According to other aspects of the invention, a polymer can be provided which is It is obtained by photopolymerizing the above polymerizable composition.

According to still another aspect of the present invention, there is provided an adhesive sheet comprising: a polymer having a thickness of from 10 μm to 500 μm, as described above.

According to another aspect of the present invention, a method of manufacturing an image display device comprising the step of interposing the polymerizable composition as described above between a base having a video display portion and a translucent protective portion can be provided. And a step of forming a polymer layer between the base portion and the protective portion by photopolymerizing the polymerizable composition.

According to still another aspect of the present invention, there is provided a method of manufacturing an image display device comprising the steps of: following the adhesive sheet as described above, the base portion having the image display portion and the light-transmitting protective portion.

According to still another aspect of the present invention, an image display device which can be manufactured by the method of manufacturing an image display device as described above can be provided.

1‧‧‧ display device

2‧‧‧Display Department

3‧‧‧Protection Department (only in Figure 4 and Figure 5, touch sensor integrated protection part)

4‧‧‧ spacer

5a, 5b‧‧‧ polymer (layer)

6a, 6b‧‧‧ polarizing plate

Fig. 1 is a cross-sectional view showing the main part of a display device according to an embodiment of the present invention.

Fig. 2 is a cross-sectional view showing the main part of a display device according to an embodiment of the present invention.

Fig. 3 is a cross-sectional view showing the main part of a display device according to an embodiment of the present invention.

Fig. 4 is a cross-sectional view showing the main part of a display device according to an embodiment of the present invention.

Fig. 5 is a cross-sectional view showing the main part of a display device according to an embodiment of the present invention.

Fig. 6 is a cross-sectional view showing the main part of a display device of the related art.

Hereinafter, embodiments of the present invention will be specifically described.

In the present specification, the term "(meth)acryl fluorenyl" means acryl fluorenyl and/or methacryl fluorenyl.

An embodiment (I) of the present invention will be described.

The embodiment (I) of the present invention is a polymerizable composition characterized in that the polymer layer of the image display unit formed in the image display device and the polymer layer between the light-transmitting protective portion are polymerized. In the composition, the polymerizable composition contains the following components 1, the following components 2, and the following component 3 as essential components.

Component 1: a transesterification reaction of a hydrogenated polyolefin polyol with a (meth) acrylate and/or a (meth) acrylate compound formed by a dehydration condensation reaction of a hydrogenated polyolefin polyol with (meth)acrylic acid; a hydrocarbon group having a carbon number of 6 or more and a (meth)acryl fluorenyl group; a component 3 photopolymerization initiator; first, a component of an essential component of the polymerizable composition of the embodiment (I) of the present invention 1.

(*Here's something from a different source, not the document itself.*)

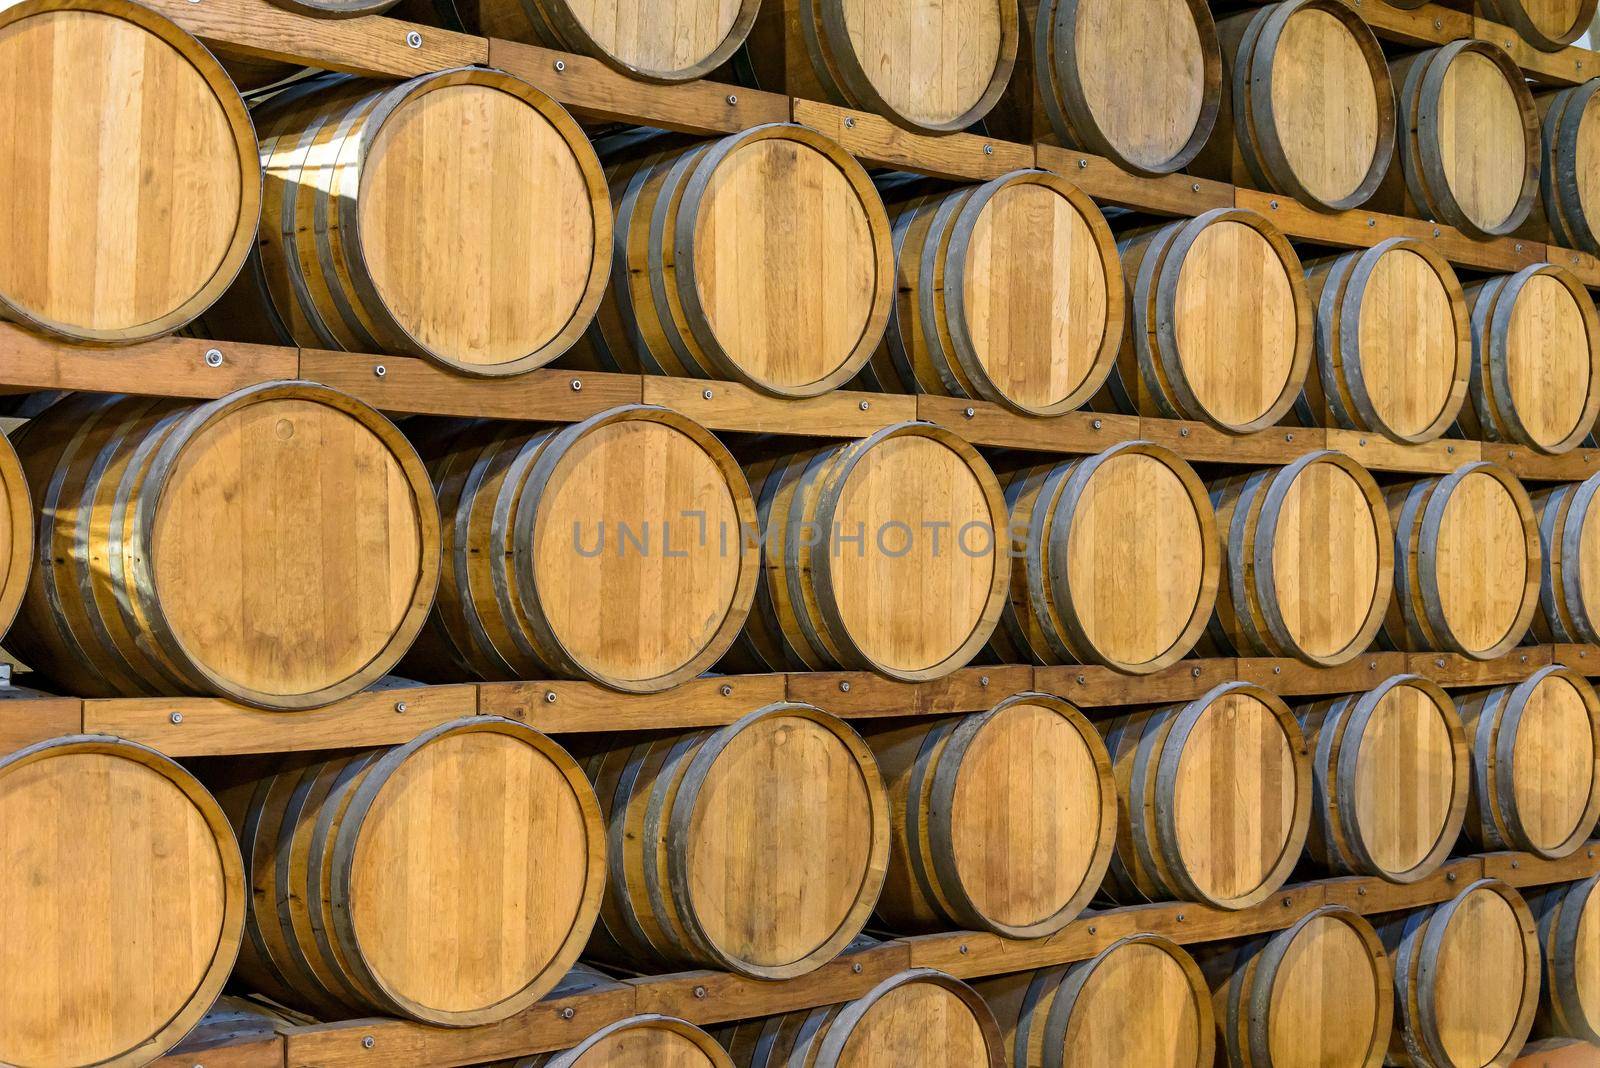 Wooden barrels in the wine cellar by mkos83

The essential component of the polymerizable composition of the embodiment (I) of the present invention Fraction 1 is a (meth) acrylate compound formed by a transesterification reaction of a hydrogenated polyolefin polyol with a (meth) acrylate and/or a dehydration condensation reaction of a hydrogenated polyolefin polyol with (meth)acrylic acid. .

The term "hydrogenated polyolefin polyol" as used herein refers to a polyol obtained by a hydrogenation reduction reaction of a polyolefin polyol. The hydrogenated polyolefin polyol is one having two or more hydroxyl groups in one molecule, and preferably having 2 to 4 hydroxyl groups. Further, the hydrogenated polyolefin polyol preferably has a hydroxyl group content of 10 to 80 mgKOH/g, more preferably 17 to 70 mgKOH/g, and particularly preferably 23 to 65 mgKOH/g.

When the hydroxyl value of the hydrogenated polyolefin polyol compound is less than 10 mgKOH/g, the molecular weight and viscosity of the obtained (meth)acrylic group-containing polyolefin compound become too high, and workability is deteriorated, and the treatment becomes Difficult trend. In addition, when the hydroxyl value of the hydrogenated polyolefin polyol compound is larger than 80 mgKOH/g, the volume shrinkage ratio at the time of polymerization becomes too large, and the cohesive force of the polymer becomes too high, and the adhesive property of the polymer cannot be sufficiently exhibited. Not good.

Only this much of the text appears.